You Are Free
Dear Friends,
Most of you know that during our Wednesday evening programming we’ve been watching video recordings juxtaposing interviews conducted with five generations of parishioners from St. Peter’s and St. John’s Episcopal Churches. What has struck me most about the stories shared in response to these videos is the importance placed on passing down the wisdom and values of our elders. These are the guardrails and disciplines that have provided for loving, stable relationships, responsible vocations, safe and supportive communities. It is the loss of our communal covenants, some have lamented, that has led to much of today’s societal dysfunction. In other words, the rules of life that once were so uniformly passed on and obeyed are not just burdens, but blessings.
This Sunday, we will be reading the Decalogue from the book of Exodus, better known as the Ten Commandments. In much of our popular religious imagination, the Ten Commandments have become burdens, weights, and heavy obligations. Many see them as encumbrances placed on personal behavior. Most people cannot name all ten, but they are persuaded that at the center of each one is a finger-wagging “thou shalt not.” For others, the commandments are heavy yokes to be publicly placed on the necks of a rebellious society.
Understanding the Decalogue as a set of burdens overlooks something essential, namely that they are prefaced not by an order - “Here are ten rules. Obey them!” - but instead by a restorative announcement of freedom: “I am the Lord your God, who brought you out of the land of Egypt, out of the house of slavery” (Ex. 20:2). We will probably always refer to the declarations that follow this announcement as the “Ten Commandments,” but we can also think of them as descriptions of the life that prevails in the landscape of God’s liberation. “Because the Lord is your God,” the Decalogue affirms, “you are free not to need any other gods. You are free to rest on the seventh day; free from the tyranny of lifeless idols; free from murder, stealing and covetousness as ways to establish yourself in the land.”
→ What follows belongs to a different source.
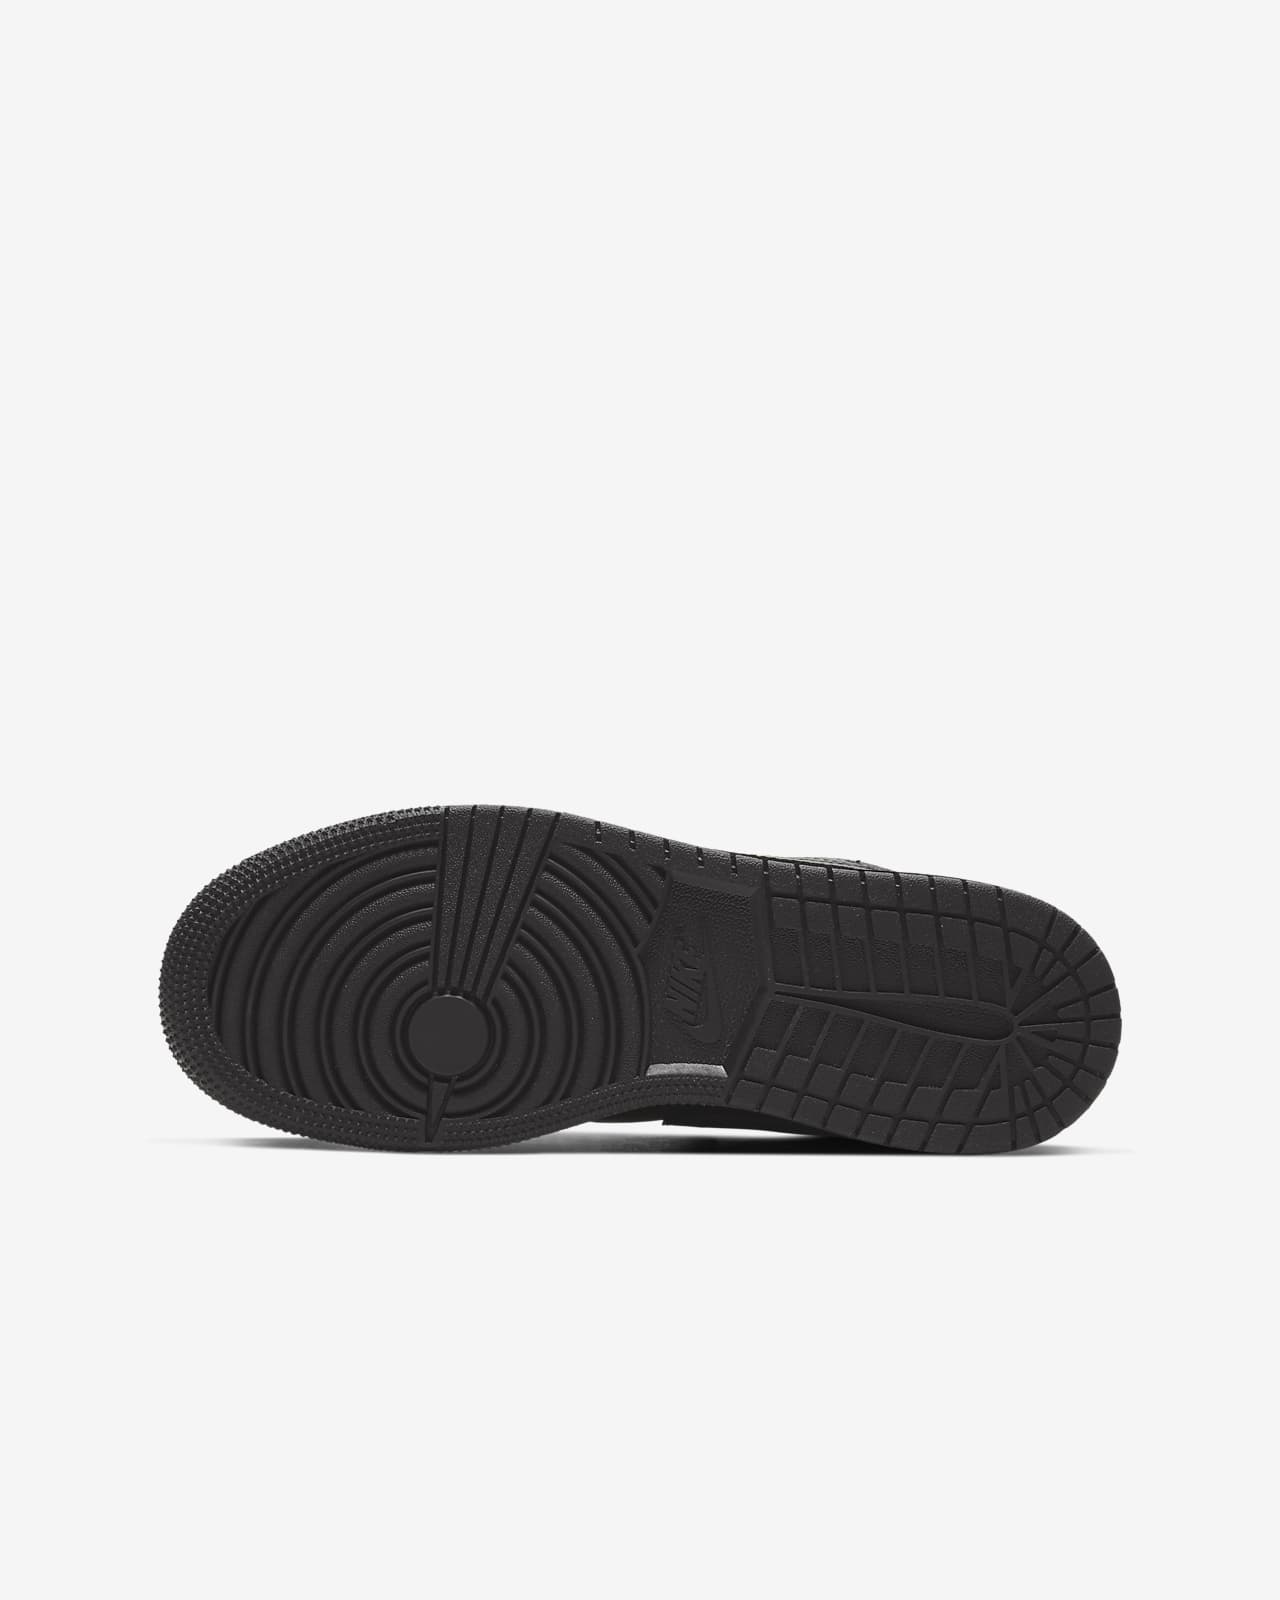 Air Jordan 1 Low Older Kids' Shoes. Nike NZ

The Decalogue begins with the good news of what the liberating God has done and then describes the shape of the freedom that results. In the words of the great preacher and teacher, Tom Long, “If we want to symbolize the presence of the Ten Commandments among us, we would do well to hold a dance. The good news of the God who set people free is the music; the commandments are the dance steps of those who hear it playing. The commandments are not weights, but wings that enable our hearts to catch the wind of God’s Spirit and to soar.”
As we move into this third week of Lent, I invite each of us to pick one, or maybe even two or three of the Ten Commandments and spend some time pondering and practicing the freedom that they offer. As many of you know, one commandment I have trouble keeping is the Sabbath, and my commitment for the remainder of Lent is to practice Sabbath as an act of gratitude for my own freedom, a freedom that many in our world do not have. The freedom to rest.